Can We All Just Get Along…Still?

Bruno Caboclo

(Credit: Ron Turenne/Getty Images)

Today, and each June 24th, is the Day of the Caboclo. It’s not the title of a new horror flick. Nor is it the birthday of Bruno Caboclo, the 19-year-old forward of the NBA’s Toronto Raptors. It’s actually a celebration of mixed-race people in Brazil.

You’d be sued for that in this country.

Imagine the Day of the Mulatto or Caucasian Heritage Night at the ballpark. Wait, they tried the latter last week at a minor league stadium in Utah, but ended up canceling it.

I’m not suggesting the promotional idea by the Orem Owlz was a good one. But, it sure makes you wonder: When IS it acceptable to have a promotion in honor of a race of people? Where is the line?

Caucasians make up 63% of the population in the United States. When would it be okay to celebrate that faction of folks? When the percentage reaches minority status at 49%? Or 32%? Or 17%?

The point is that race is still such a sensitive topic in this country, while in other countries…not so much.

Maybe getting to know each other a little better, and experiencing what they experience, would help solve some of our issues.

I once had girlfriend who was African-American. Walking through a mall, we often received mean stares from whites and derisive comments from blacks. On the flip side, in the name of tolerance, I was completely accepted by an amateur soccer team on which I was the only white player.

If it’s okay in the sports world or in the realm of comedy, then it should be okay everywhere.

The story of the advent of the caboclo race in Brazil is interesting.

Caboclos are bronze-skinned folks hailing from the Amazonas region of South America. They are derived from the union of native Brazilian women and men of European descent. These interracial marriages were numerous in the 1700s, when white men were brought to the tropical jungle area of north central South America to help harvest the plentiful rubber supply.

Then, according to a Wikipedia entry “the men were never granted permission to leave, and thus married locally.”

The first part of that phrase sounds suspiciously coercive and maybe exploitative. And there are well-documented atrocities perpetrated against the men AND women of that region, all in the name of rubber greed. Too bad the bumper crop of latex used to create automobile tires and condoms could not have been harvested without a history of abuse.

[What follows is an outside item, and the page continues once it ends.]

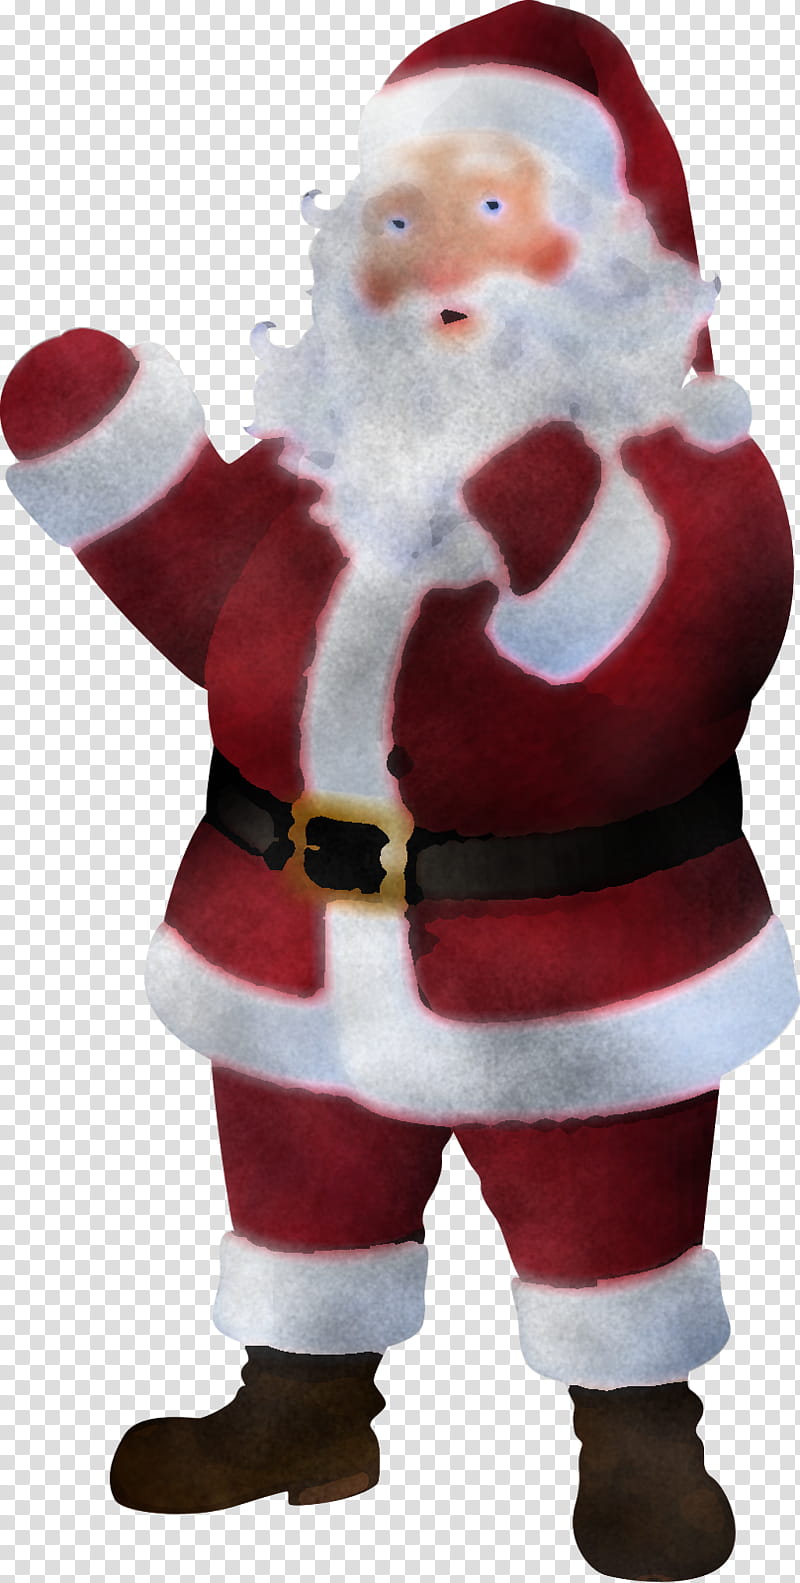 Santa claus, Figurine, Holiday Ornament, Christmas Decoration, Toy, Decorative Nutcracker, Christmas Ornament, Interior Design transparent background PNG clipart

Still, the Day of the Caboclo in the current age is honorable. No matter how an individual got here, his or her right to enjoy a day to honor his or her heritage should be protected. Or, perhaps we should decide that NO specific ethnic groups should be singled out and celebrated.

I do know this: people should not be defined purely by the color of their skin, but by their character underneath it. There are good Caucasians and bad ones–and those differing characteristics apply to people of ALL colors.

In the spirit of the Day of the Caboclo, I’m locating some bronze people today and congratulating them. I’ll begin at the tanning salon.

Dave Coombs is a longtime Caucasian morning radio host.